Cost, often a largely forgotten barrier to medication access, can vary widely between the CNS stimulant drug classes. The estimated average wholesale price (AWP) is $22.07/tablet for modafinil 100mg versus $1.05/tablet for methylphenidate 10mg.20 Getting insurance companies to pay for modafinil might present a challenge to patients, depending on their coverage plan.

Despite its disadvantages, modafinil appears to be relatively safe compared to most other CNS stimulants and might be a valuable asset to patients with TBI who are experiencing fatigue/EDS, especially to those who have previously failed therapy with other psychostimulants.  Therefore, the objective of our literature review was to determine if there is evidence of improvement in outcomes among patients with TBI taking modafinil. Among the studies reviewed, mprovement in alertness was assessed using Epworth Sleepiness Scale (ESS), Fatigue Severity Scale (FSS) Maintenance of Wakefulness Test (MWT), and/or Multiple Sleep Latency Test (MSLT) scores. The characteristics of these measurement strategies are presented in
Table 1.

Methods

Data sources. A comprehensive literature search of Medline and PubMed, using EBSCO host databases, was performed. Search terms used in combination and alone included modafinil, traumatic brain injury, stroke, fatigue, automobile accident, war injury, and excessive sleepiness. Selected articles were published between the years 2000 to 2017.

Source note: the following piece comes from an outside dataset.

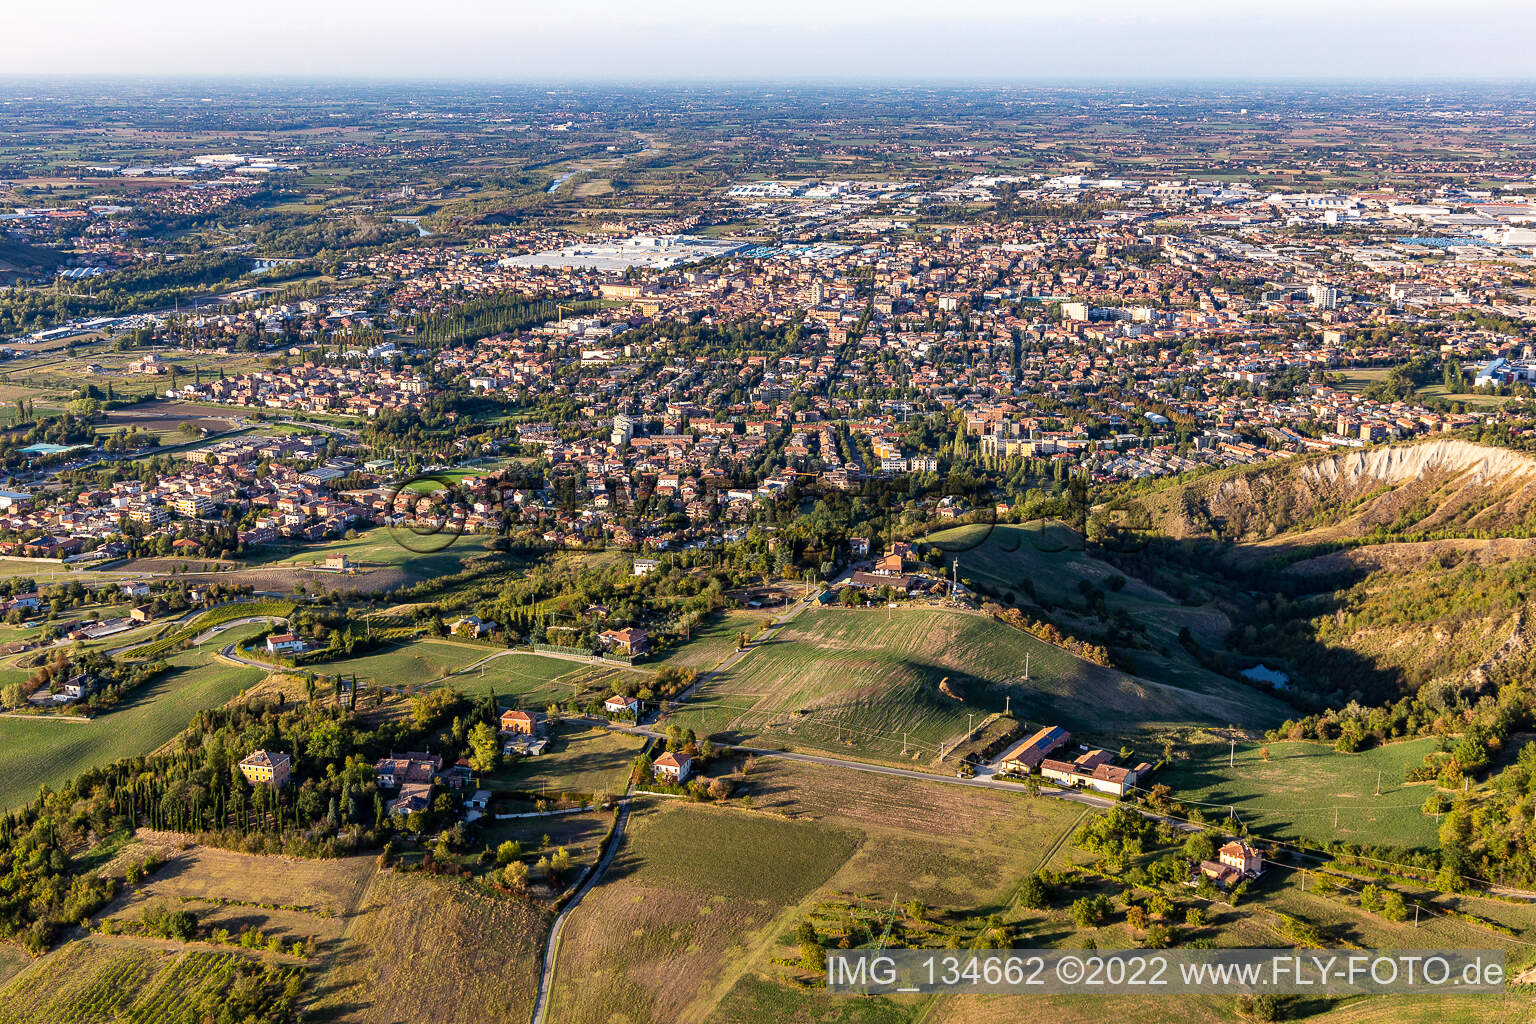 Vue aérienne de Sassuolo dans le département Modena, Italie

Study selection and data extraction. Sources were limited to those published in the English language and those describing modafinil and/or psychostimulant clinical trials that were conducted using human subjects. Primary literature, observational studies, meta-analyses, and systematic reviews were all examined for evidence of modafinil efficacy in patients with TBI; all causes of TBI were included. In total, eight of the 23 published articles (two systematic reviews, three randomized placebo-controlled trials, and three observational studies) and one case report describing the use of modafinil in TBI-induced EDS and fatigue provided adequate information regarding the rationale for modafinil use in the TBI population. These studies are summarized in Table 2.

Data Synthesis

Randomized, placebo-controlled trials. A study conducted by Jha et al21 describes the treatment of patients who developed fatigue and/or EDS after a TBI event that was severe enough to require inpatient rehabilitation. Exclusion criteria were TBIs caused by neurologic disorders, such as Alzheimer’s disease or stroke. Primary outcomes of the study were fatigue and EDS using FSS and ESS as measuring tools. This was a single-center, double-blind, placebo-controlled, cross-over trial during which 51 patients, all at least one year post-TBI, were randomized to receive either modafinil first, up to 400mg daily (n=27), or an equivalent amount of placebo tablets (n=24) for a period of 10 weeks. FSS and ESS scores were assessed at the end of Weeks 4 and 10. After the first 10 weeks, there was a four-week washout period where neither group was given modafinil. Then, after the four-week washout period, the groups were crossed-over to the alternate therapy for another 10 weeks. FSS and ESS scores were once again collected at the end of Weeks 4 and 10 of this 10-week period. Forty-six of the 51 initial subjects completed the entire 24-week study, with side effects being the cause of drop out among the modafinil subjects. The most frequently reported side effects in the modafinil groups were headaches (n=15) and insomnia (n=10). The trial adjusted for baseline scores and period effects (i.e., the first and second 10-week periods of the trial) and found that FSS scores for the modafinil and placebo groups differed by only a small margin of nonsignificant improvement at Week 4 (-0.5±1.88; p=0.80) and Week 10 (-1.4±2.75; p=0.61). The average change in ESS scores between modafinil and placebo was significantly greater at Week 4 (-1.2; p=0.02) but not at Week 10 (-0.5; p=0.56). Jha et al21 concluded that the variability in responses among the different subgroups of patients showed some promising results despite unclear evidence to support the use of modafinil in treating fatigue in patients with TBI. They also stated that further studies are needed to explore and further analyze the specific characteristics within the subgroups of patients with TBI that would benefit the most from using modafinil.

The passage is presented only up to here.